Ofício. A resolução estabelece que, no caso de suspeição por motivo íntimo, o magistrado de primeiro grau ou segundo grau fará essa afirmação nos autos e, em ofício reservado, imediatamente exporá as razões desse ato à corregedoria local ou a órgão diverso designado pelo seu tribunal. O órgão destinatário das informações deverá manter as razões em pasta própria, de forma que o sigilo seja preservado, sem prejuízo do acesso às afirmações para fins correcionais.
A resolução foi editada em 9 de junho do ano passado e entrou em vigor logo após ser publicada. Sua elaboração foi sugerida após inspeção realizada no Judiciário do Amazonas pela Corregedoria Nacional de Justiça, que funciona junto ao CNJ. Na ocasião, foi constatado grande número de processos em que juízes haviam declarado suspeição por motivo de foro íntimo.
A resolução provocou reação imediata. Apenas alguns dias após a norma entrar em vigor, a AMB protocolou, no Supremo Tribunal Federal (STF), a Ação Direta de Inconstitucionalidade (Adin) 4.260, em conjunto com a Associação Nacional dos Magistrados da Justiça do Trabalho (Anamatra) e a Associação dos Juízes Federais do Brasil (Ajufe). As entidades pedem a impugnação integral do texto editado pelo conselho.
"A primeira razão da impugnação integral do ato normativo mencionado é a sua inconstitucionalidade formal, já que a matéria nele tratada não se encontra dentre as competências constitucionais do CNJ. Trata-se, em verdade, ou de matéria de competência privativa da União para legislar sobre direito processual por meio de lei ordinária, ou de matéria a ser disposta no Estatuto da Magistratura, por meio de lei complementar, de iniciativa do STF", alegou a entidade, na petição inicial.
Segundo as associações, a resolução viola diversas garantias constitucionais dos magistrados, padecendo igualmente de inconstitucionalidade material, ao impor uma "espécie de confessionário dos motivos de foro íntimo que os levam, eventualmente, a declarar suspeição para julgar determinados feitos". Nesse sentido, as entidades argumentam que a norma estabelecida pelo CNJ viola as garantias da imparcialidade e da independência do juiz e do devido processo legal, "tanto sob a ótica do jurisdicionado, que deseja bem realizar seu ofício e tem o direito de não ter sua causa julgada por magistrado que se considere suspeito para fazê-lo".

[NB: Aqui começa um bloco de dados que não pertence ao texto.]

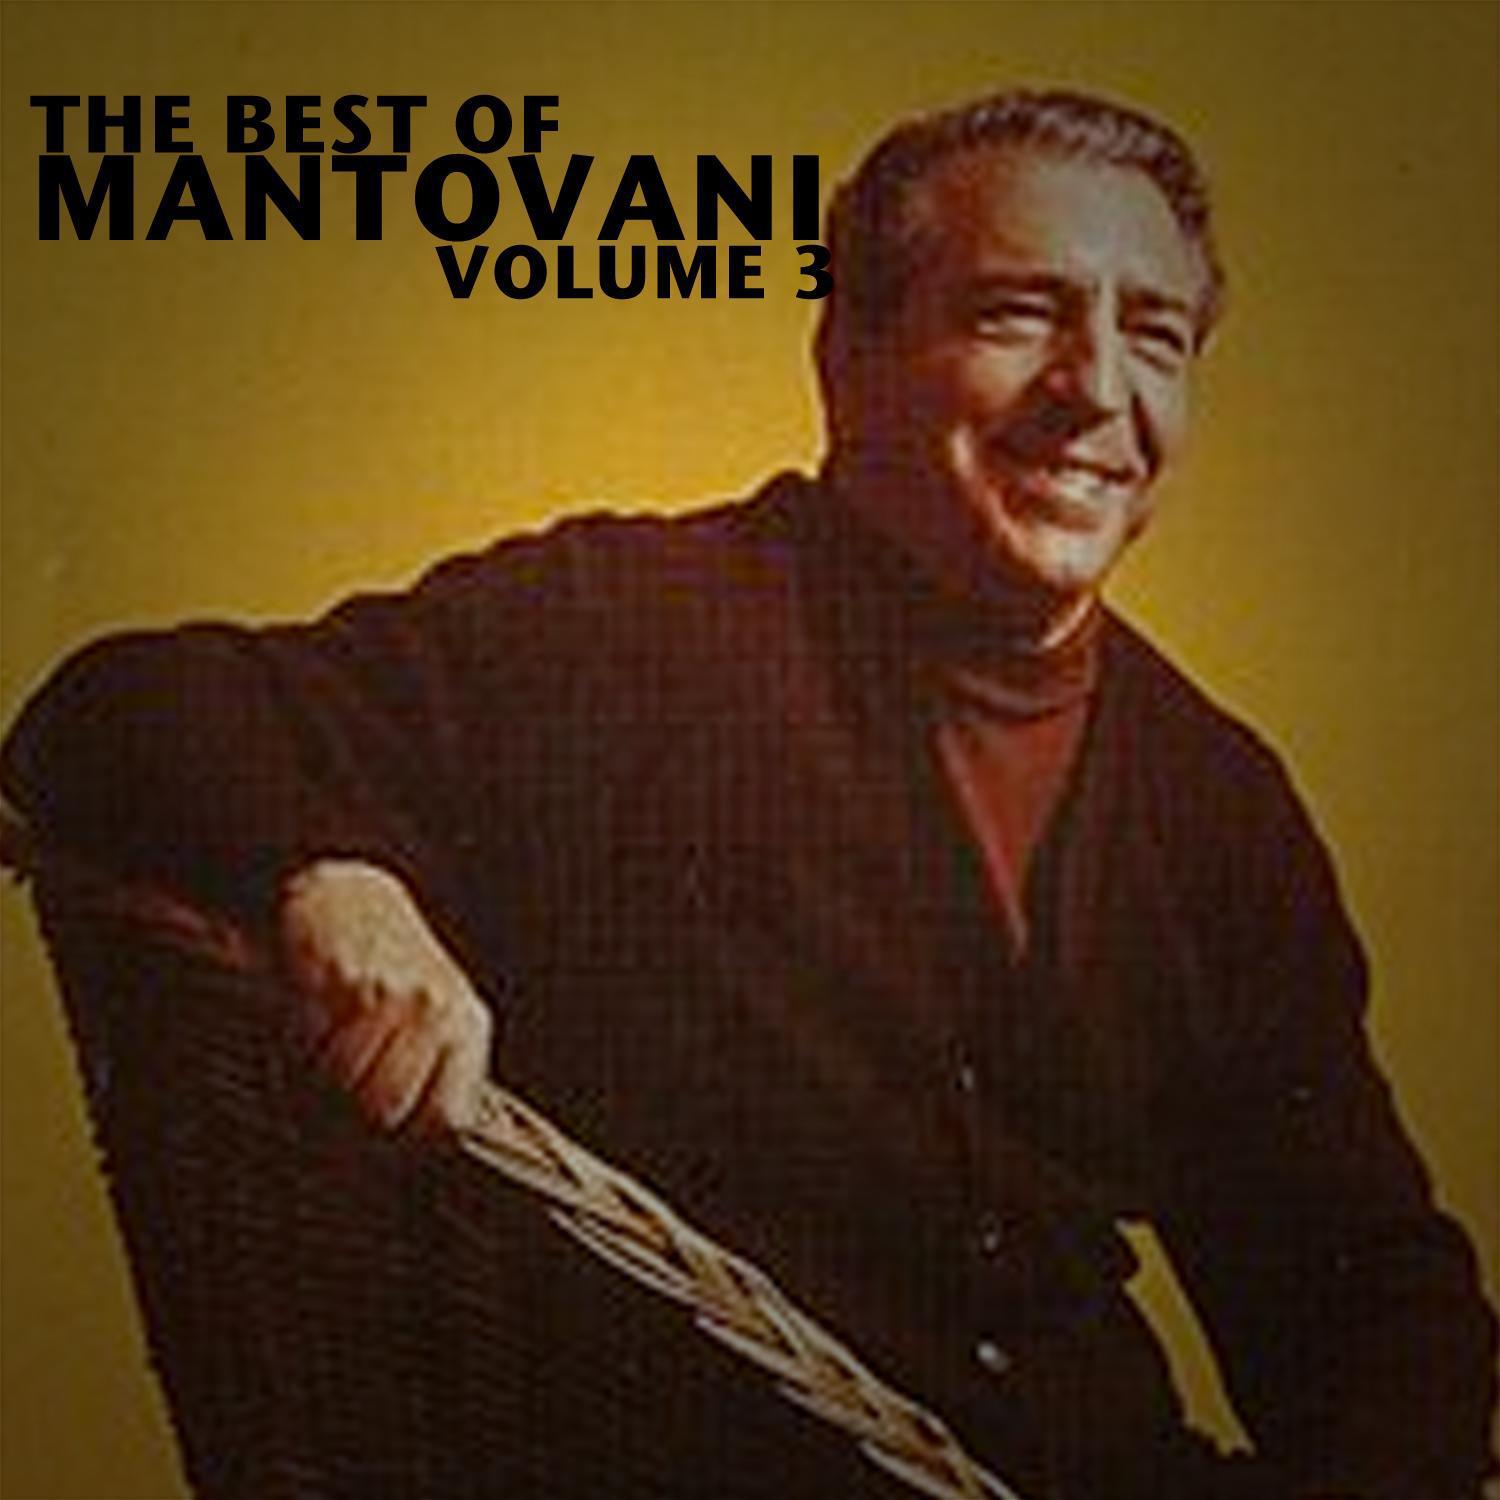 The Best of Mantovani Volume 3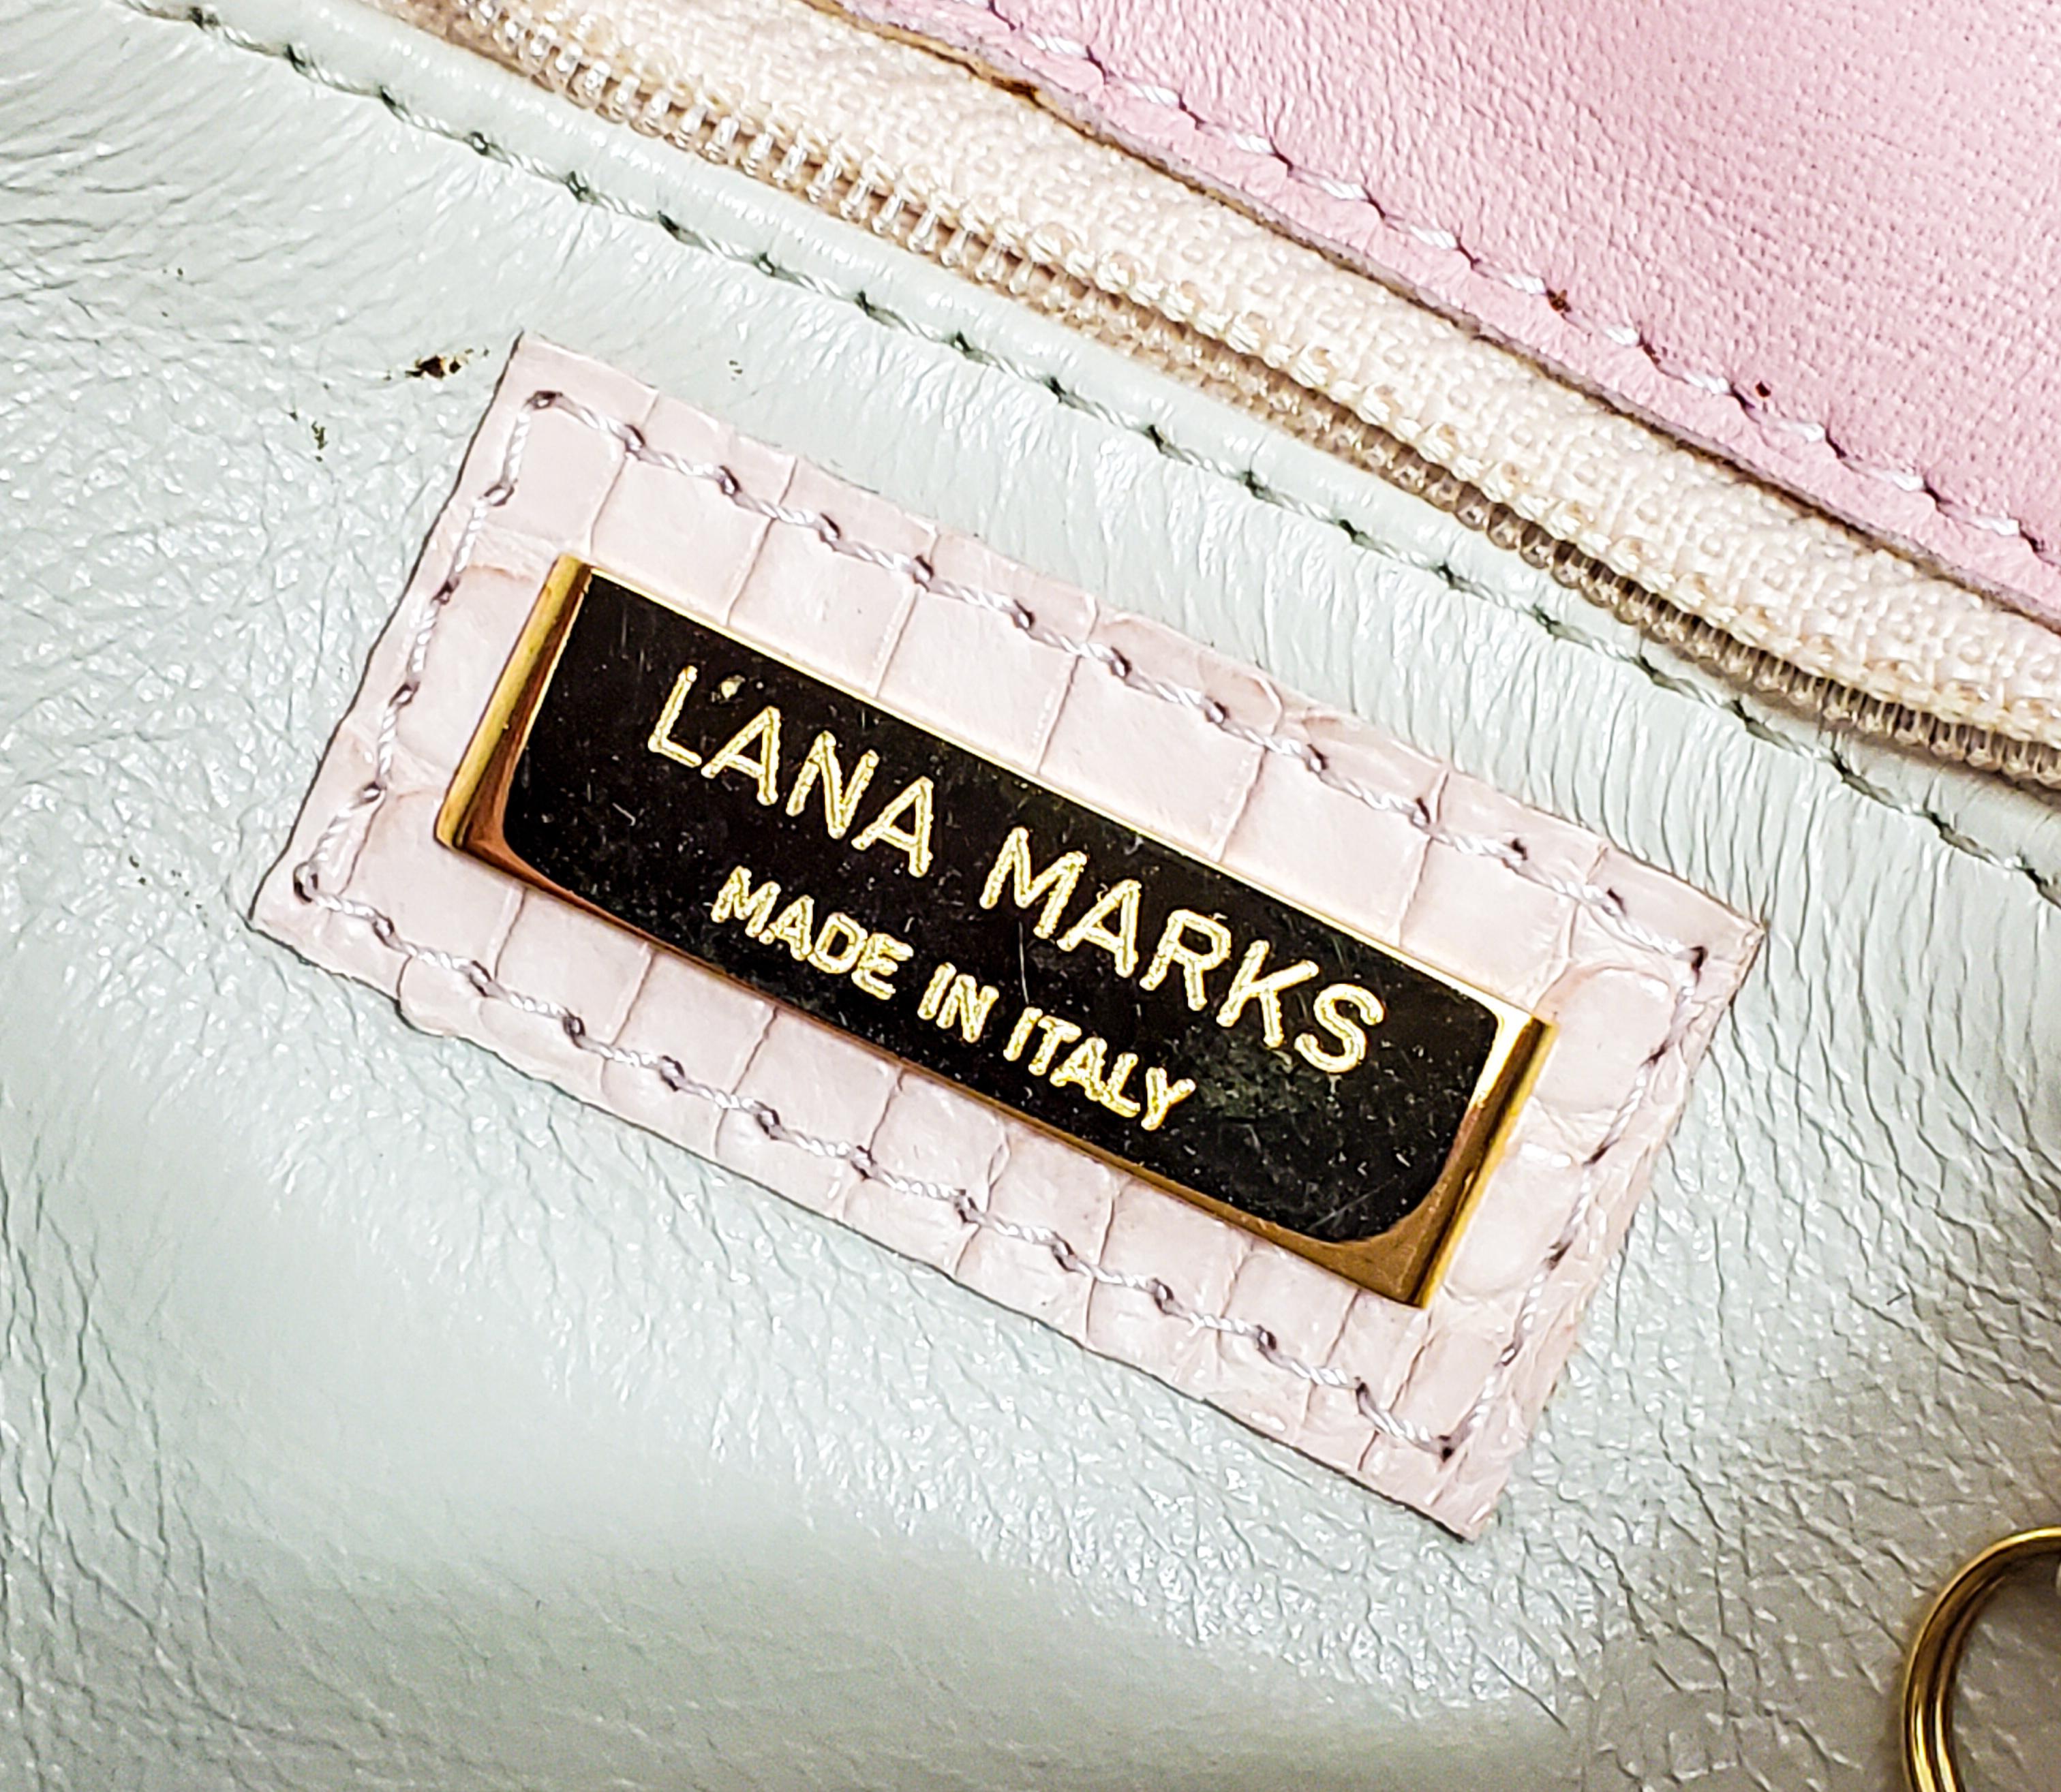 Beige Lana Marks Crocodile Blush Pink Clutch or Crossbody Handbag For Sale

Privacidade. A resolução também afronta, de acordo com as instituições, o direito à privacidade, à intimidade e à isonomia de tratamento entre os juízes, "porque retrata discriminação injustificada entre magistrados de primeiro e segundo graus em comparação com os de tribunais superiores, os quais não estão submetidos às mesmas obrigações".
A Adin foi protocolada em 26 de junho do ano passado e foi relatada pela ministra Ellen Gracie. A ação tramita lentamente. Desde 26 de agosto de 2009, está sob vistas da Procuradoria Geral da República.
Apesar da abrangência que o resultado da Adin poderá ter, muitos juízes decidiram recorrer individualmente ao Supremo contra a resolução. É o caso de um desembargador do Tribunal de Justiça do Distrito Federal e Territórios (TJ-DFT), que impetrou mandado de segurança para não ser obrigado a comunicar os motivos de sua suspeição. O magistrado alegou ter direito à intimidade prevista no artigo 5º, inciso 10, da Constituição. Afirmou também que o CNJ não teria competência para solucionar uma questão jurisdicional como essa.
Para AMB, resultado era esperado
Para o presidente da Comissão de Prerrogativas da AMB, Jorge Massad, o resultado da consulta promovida pela entidade não é surpreendente. "Não foi surpresa. Na verdade, apenas retrata o sentimento que ouvimos da base da magistratura sobre essa resolução", afirmou o magistrado.
De acordo com ele, o direito de não expor as razões está assegurado nos códigos de processo penal e civil. "Não pode nenhum órgão do Judiciário dizer que o juiz tem que fazer essa comunicação, porque isso violaria a lei, que garante a ele a prerrogativa de manter sua intimidade", disse.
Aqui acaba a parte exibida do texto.